Koltz, Amanda; Wright, Justin (2020), Impacts of female body size on cannibalism and juvenile abundance in a dominant arctic spider, Dryad, Dataset, https://doi.org/10.5061/dryad.dz08kprtz

Abstract

1. Body size influences an individual’s physiology and the nature of its intra- and interspecific interactions. Changes in this key functional trait can therefore have important implications for populations as well. For example, among invertebrates, there is typically a positive correlation between female body size and reproductive output. Increasing body size can consequently trigger changes in population density, population structure (e.g., adult to juvenile ratio), and the strength of intraspecific competition.

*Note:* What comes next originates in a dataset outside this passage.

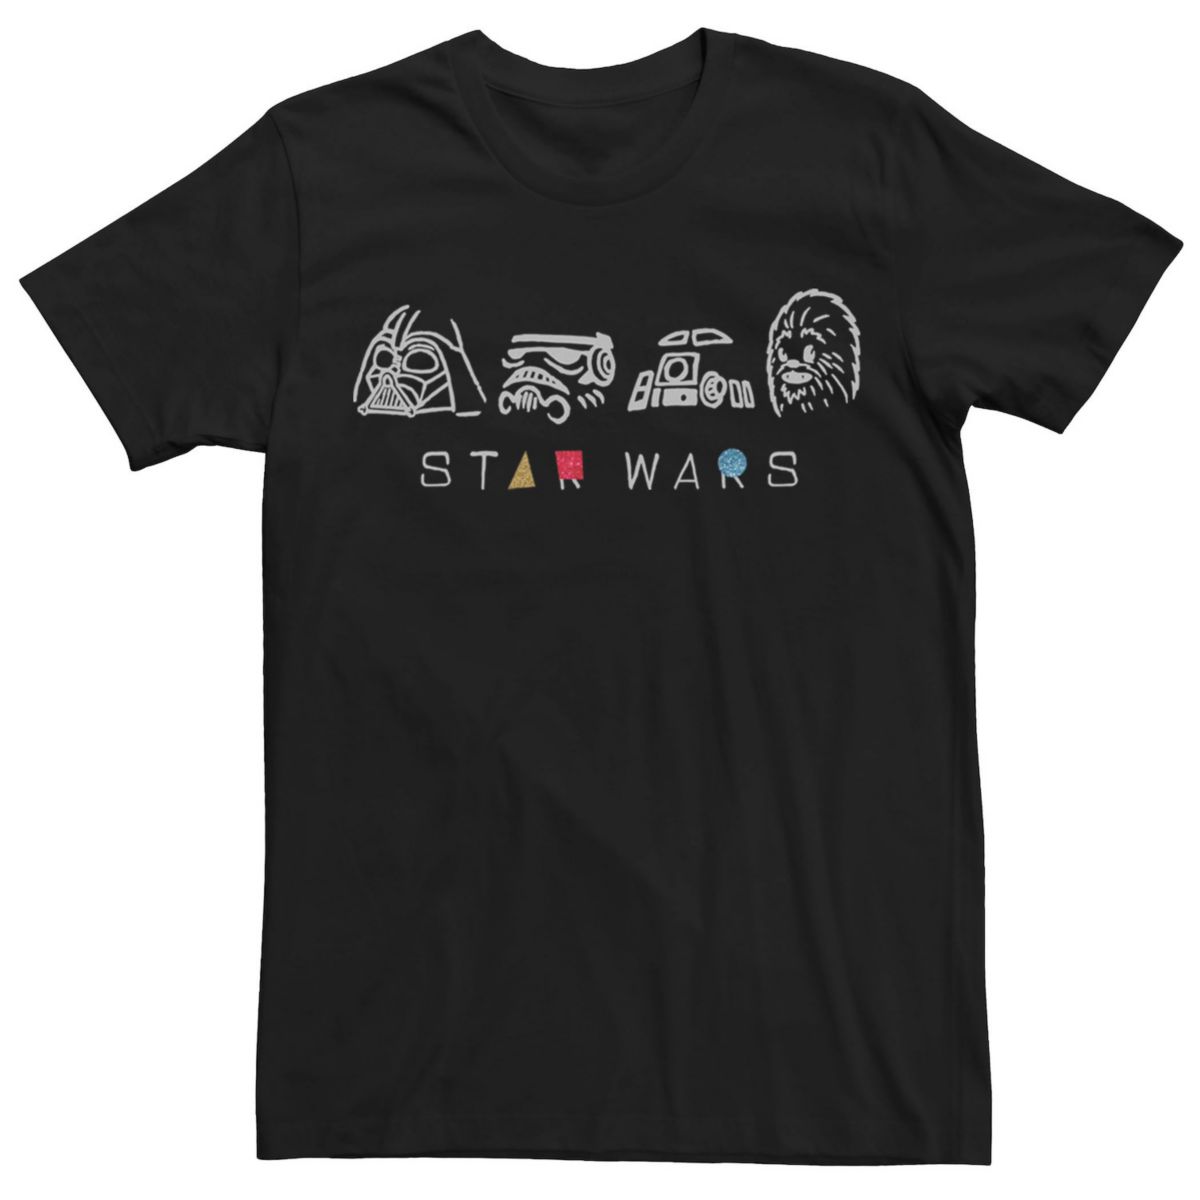 Мужская футболка с геометрическим рисунком Star Wars Group Shot Star Wars

2. Body size changes have been documented in several species in the Arctic, a region that is warming rapidly. In particular, wolf spiders, one of the most abundant arctic invertebrate predators, are becoming larger and therefore more fecund. Whether these changes are affecting their populations and role within food webs is currently unclear.

3. We investigated the population structure and feeding ecology of the dominant wolf spider species (Pardosa lapponica) at two tundra sites where adult spiders naturally differ in mean body size. Additionally, we performed a mesocosm experiment to investigate how variation in wolf spider density, which is likely to change as a function of body size, influences feeding ecology and its sensitivity to warming.

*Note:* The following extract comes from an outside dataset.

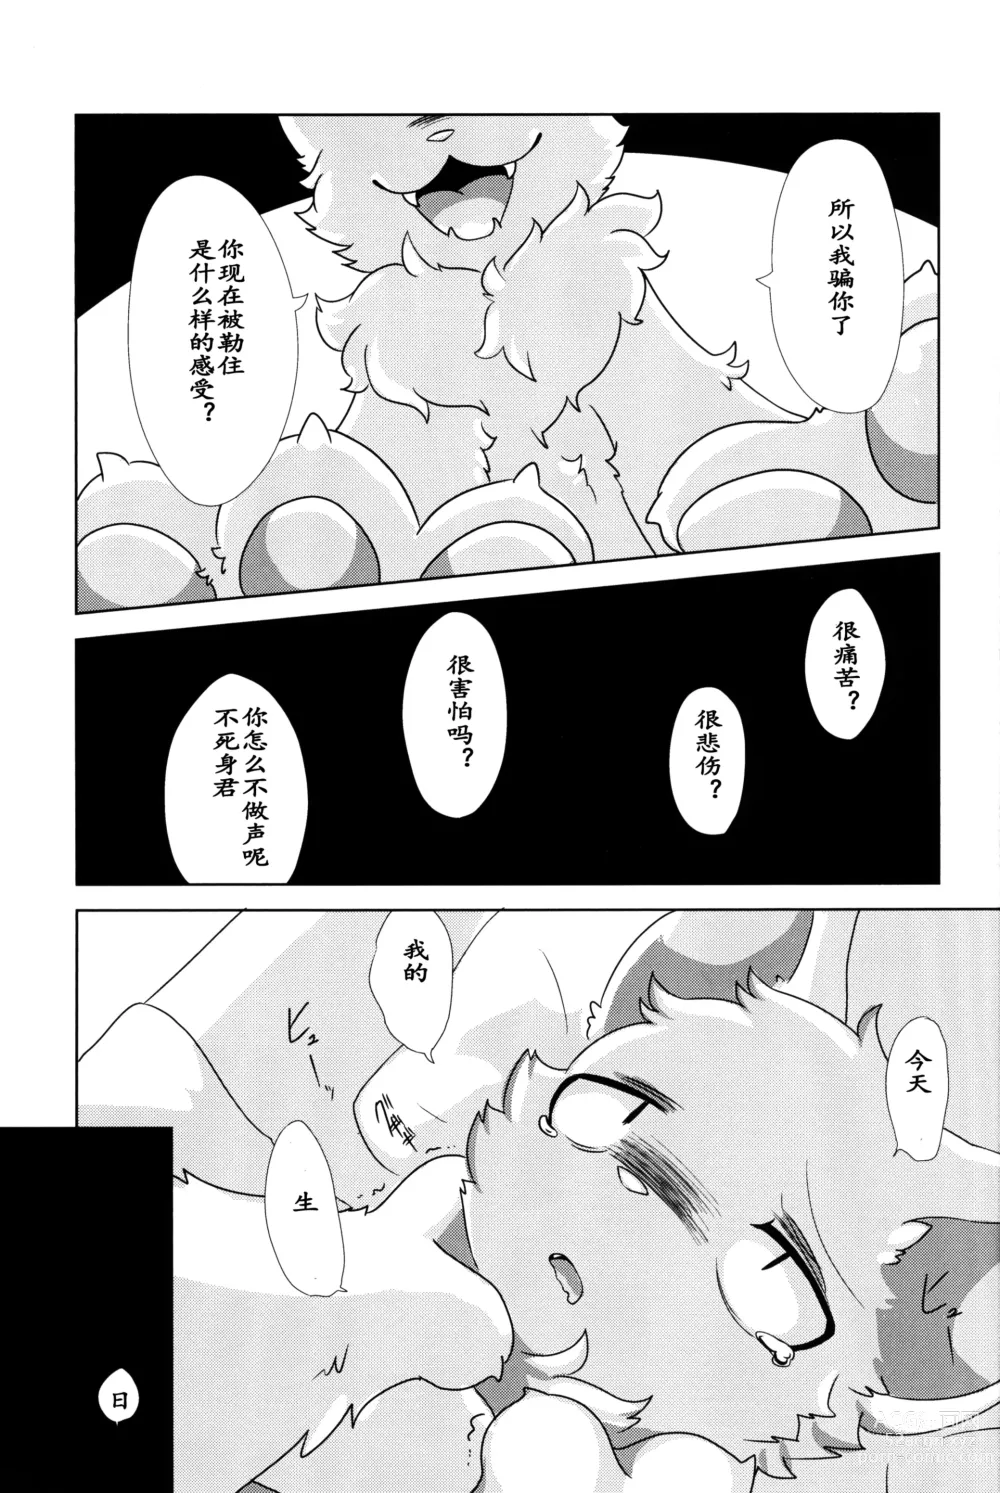 Page 8 of doujinshi 我亲爱的杀人鬼

4. We found that juvenile abundance is negatively associated with female size and that wolf spiders occupied higher trophic positions where adult females were larger. Because female body size is positively related to fecundity in P. lapponica, the unexpected finding of fewer juveniles with larger females suggests an increase in density-dependent cannibalism as a result of increased intraspecific competition for resources. Higher rates of density-dependent cannibalism are further supported by the results from our mesocosm experiment, in which individuals occupied higher trophic positions in plots with higher wolf spider densities. We observed no changes in wolf spider feeding ecology in association with short-term experimental warming.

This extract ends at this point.